For anyone unfamiliar with the terrain, northern Nigeria is one swath of silence cloaked in inscrutable, unifying Islamic religion that is unknown to the rest of the country. In a country sharply divided by different languages, a multiplicity of tribes and, of course, religions, the north’s inscrutability is taken as a given. And so whereas there is ferment and pluralism of tongues from the southern part of Nigeria, the north seems to live in the shadows of silence amplified by religious homogeneity and oligarchic conservatism.

But this is far from the truth, as Elnathan John makes us believe in his new fiction Born on a Tuesday (Cassava Republic Press. Abuja; 2015), a deftly woven tale in the life of a former street urchin also known as almajiri through whose eyes we see the unfolding religious turmoil, the different sects and the strong jihadist sentiments among some and how they set upon each other just to prove the superiority of their different teachings.
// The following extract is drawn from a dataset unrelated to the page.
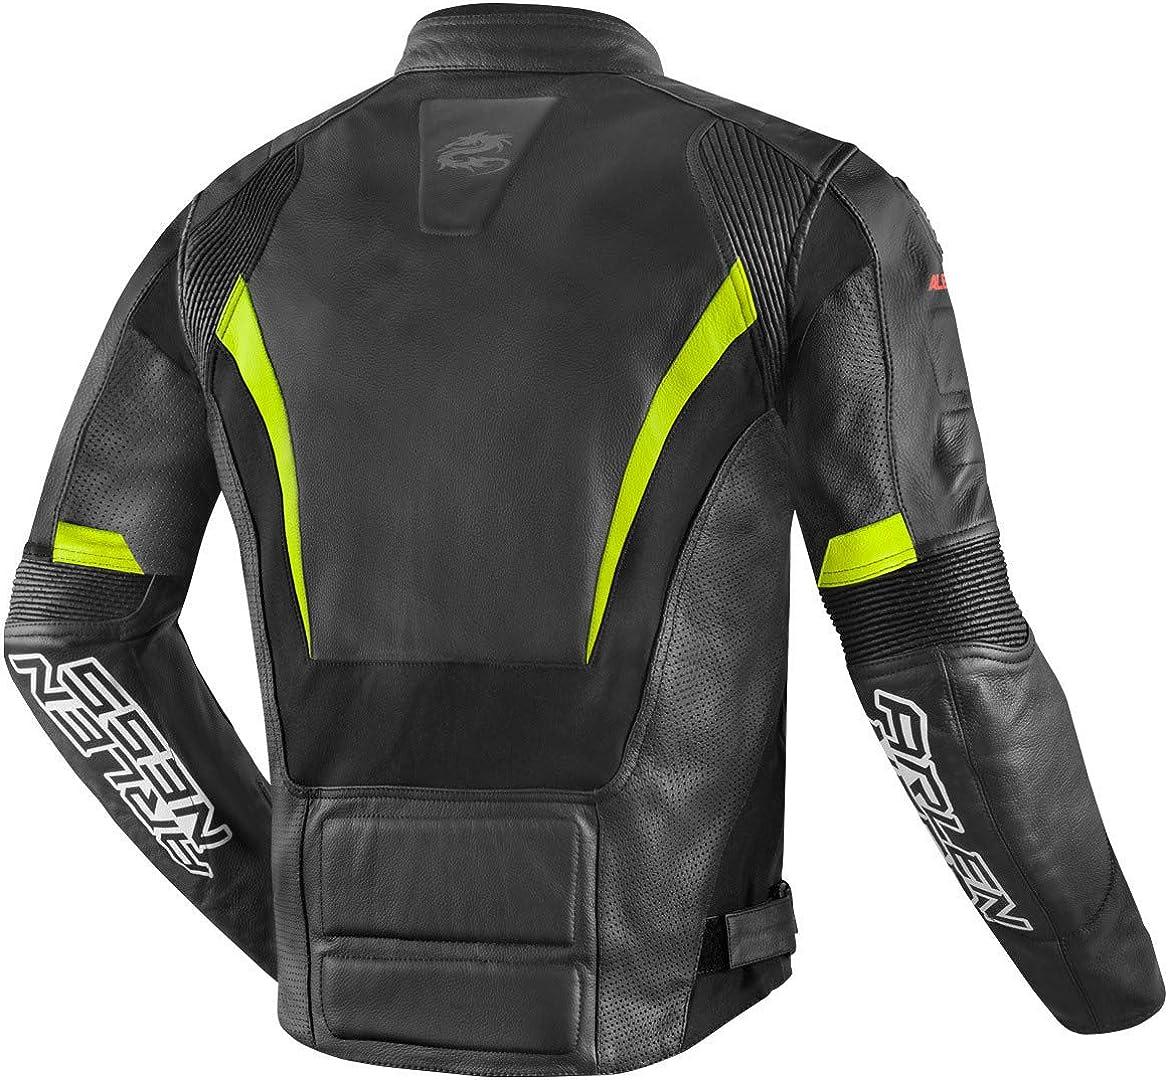 Arlen Ness Sportivo Motorcycle Racing Sport Leather Jacket
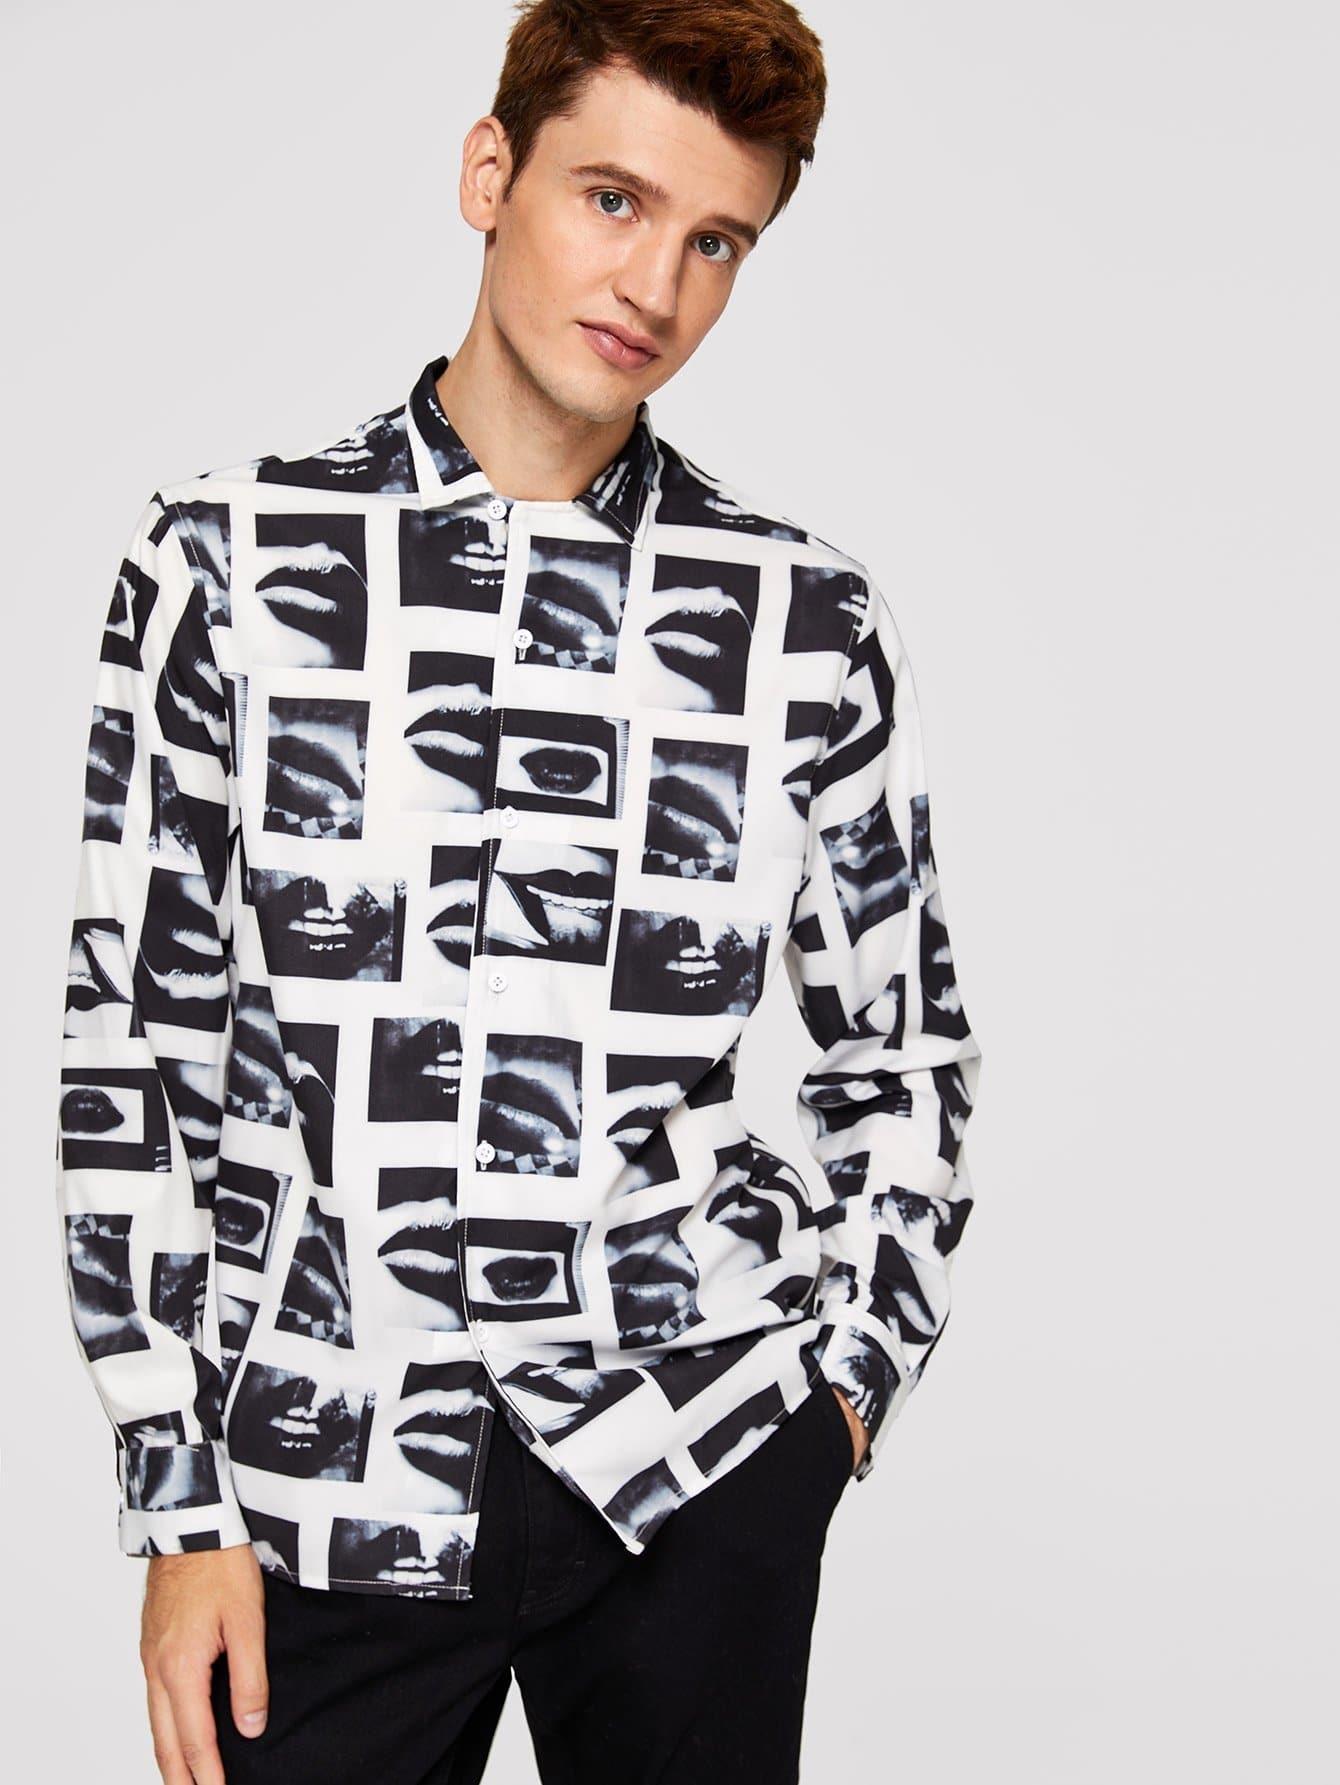 Men Graphic Print Shirt Men Graphic Print Shirt

John’s bold fiction takes its readers behind the holy of holies of a religious ferment that is close to the rest of us.

Indeed, Born on a Tuesday unfolds with how a former almajiri, Ahmad Dantala, a pupil of Malam Junaidu, joins the street urchins in Kaduna after finishing his studies; he learns of his father’s death, a father who shared out his four sons to far flung clerics from his Sokoto home. These sons fall into different spheres of Islamic influences. Three of them join the more militant Shiite sect, while Dantala is with the more conservative, conciliatory Islamiya sect.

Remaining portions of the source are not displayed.